El rey hizo una mueca.

—Empeñé mi palabra —repitió Corbett—. Sabiendo que vos la respetaríais, Majestad.

Eduardo hizo un amplio gesto con las manos.

—¡De acuerdo! ¡De acuerdo! Puddlicott será juzgado por los tribunales de Westminster. Se le hará un juicio justo y después será ahorcado. —El rey se frotó las manos y miró con una maliciosa sonrisa a De Warenne—. Qué desastre, ¿verdad, Surrey?

—Como vos queráis, Majestad. —El conde miró fijamente a Corbett—. Pero queda todavía la cuestión del asesino que anda suelto por las calles y aún no ha sido atrapado. Es una tarea que os corresponde a vos, Corbett.

—¡Tuve que atender otros asuntos, Majestad! —replicó Corbett.

—¿No tenéis ni siquiera una idea? —preguntó Eduardo.

—Ninguna en absoluto. Vagas sospechas, eso es todo.

—¿Y las Hermanas de Santa Marta os prestan su colaboración?

—Por supuesto que sí.

—¿Sobre todo lady Neville? —preguntó el rey, mirando al escribano con una sonrisa.

—¡Sobre todo, lady Neville!

—¿Y la anciana De Lacey sigue pegando sustos a todo el mundo?

—Yo suelo mantener más tratos con lady Fitzwarren.

—Ah, sí. —El rey entornó los ojos—. Recuerdo cuando murió su esposo. Estábamos en Gales, cerca de Conway, y era la festividad de San Martín, papa y mártir. Era un buen hombre Fitzwarren. —Se levantó y dio unas palmadas—. Bueno, en cualquier caso, vos ya estáis de vuelta en Londres, Corbett. —El soberano alargó la mano para que Corbett se la besara al tiempo que murmuraba—: No olvidaré vuestra lealtad y vuestra entrega en este asunto, Hugo.

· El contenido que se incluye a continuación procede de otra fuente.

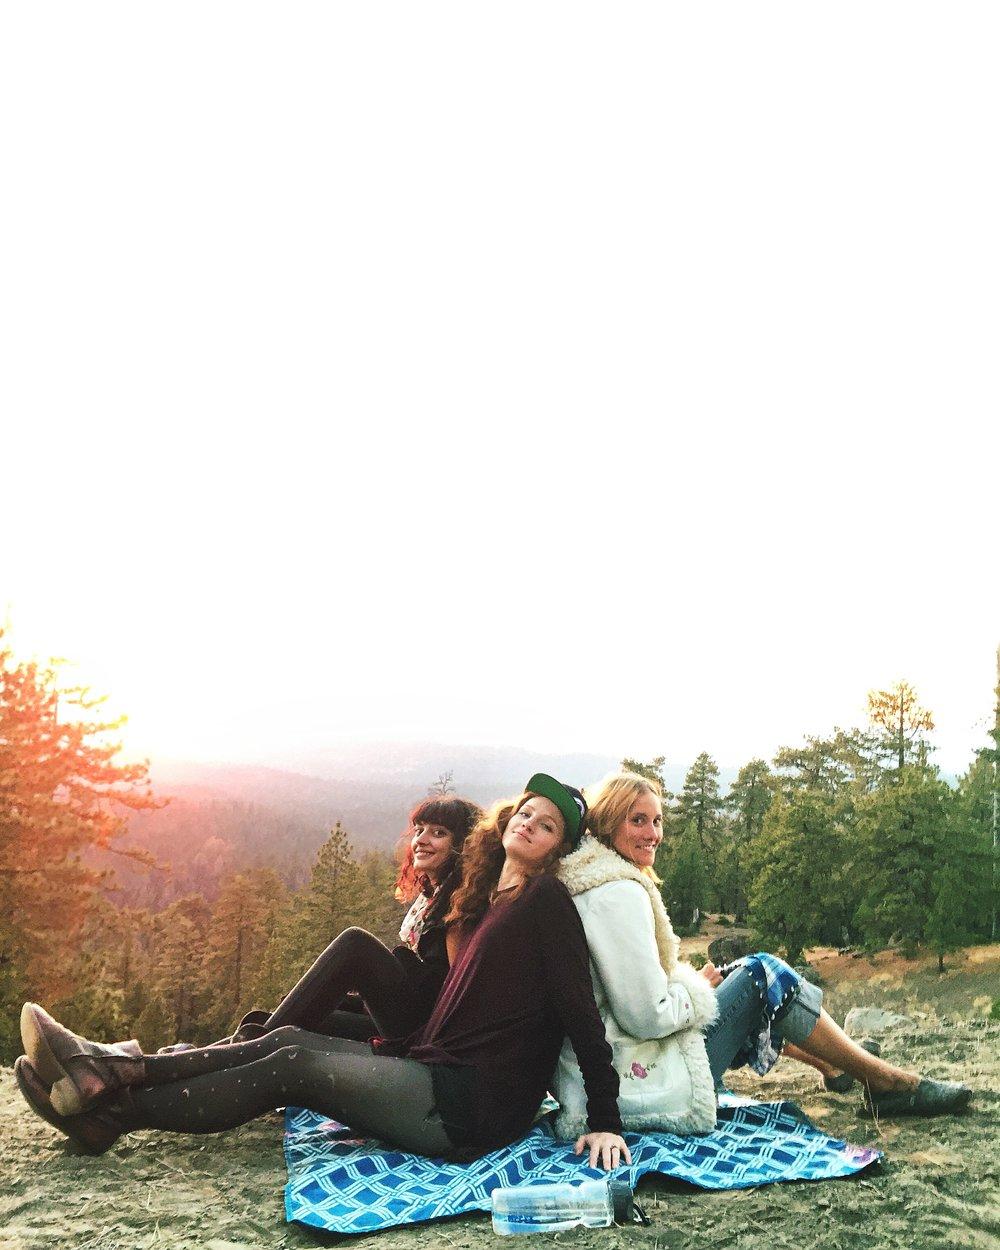 MENNA, April & Mouse Enjoying a Therapy Sunset

Eduardo cerró la puerta detrás de su escribano y permaneció apoyado en ella hasta que el rumor de las pisadas del exterior se desvaneció. De Warenne esbozó una relamida sonrisa.

—¿Cumpliréis vuestra palabra, Eduardo?

—¿En qué?

—En la cuestión de Cade y la mujer llamada Judit.

Eduardo se encogió de hombros.

—Por supuesto que sí. Ya conoces el lema de Eduardo de Inglaterra: «Mantente fiel».

—¿Y en lo de Puddlicott?

—Cumpliré mi palabra, naturalmente —contestó el monarca con una sonrisa—. Pero ahora tengo que encomendarte una misión, Surrey. Deberás reunirte con Corbett en Londres, felicitar de mi parte al alguacil, alabar públicamente a Cade, supervisar la ejecución de Puddlicott y asegurarte de que su muerte sea rápida.

—¿Y después, Majestad?

—¡Quiero que el cuerpo de ese malnacido sea tieso liado! —contestó en un sibilante susurro—. ¿Me has entendido, De Warenne? ¡Quiero que le arranquen la piel y que la claven como la de un cerdo en la puerta de la abadía para que todo el mundo se entere del precio que se paga por robar a Eduardo de Inglaterra!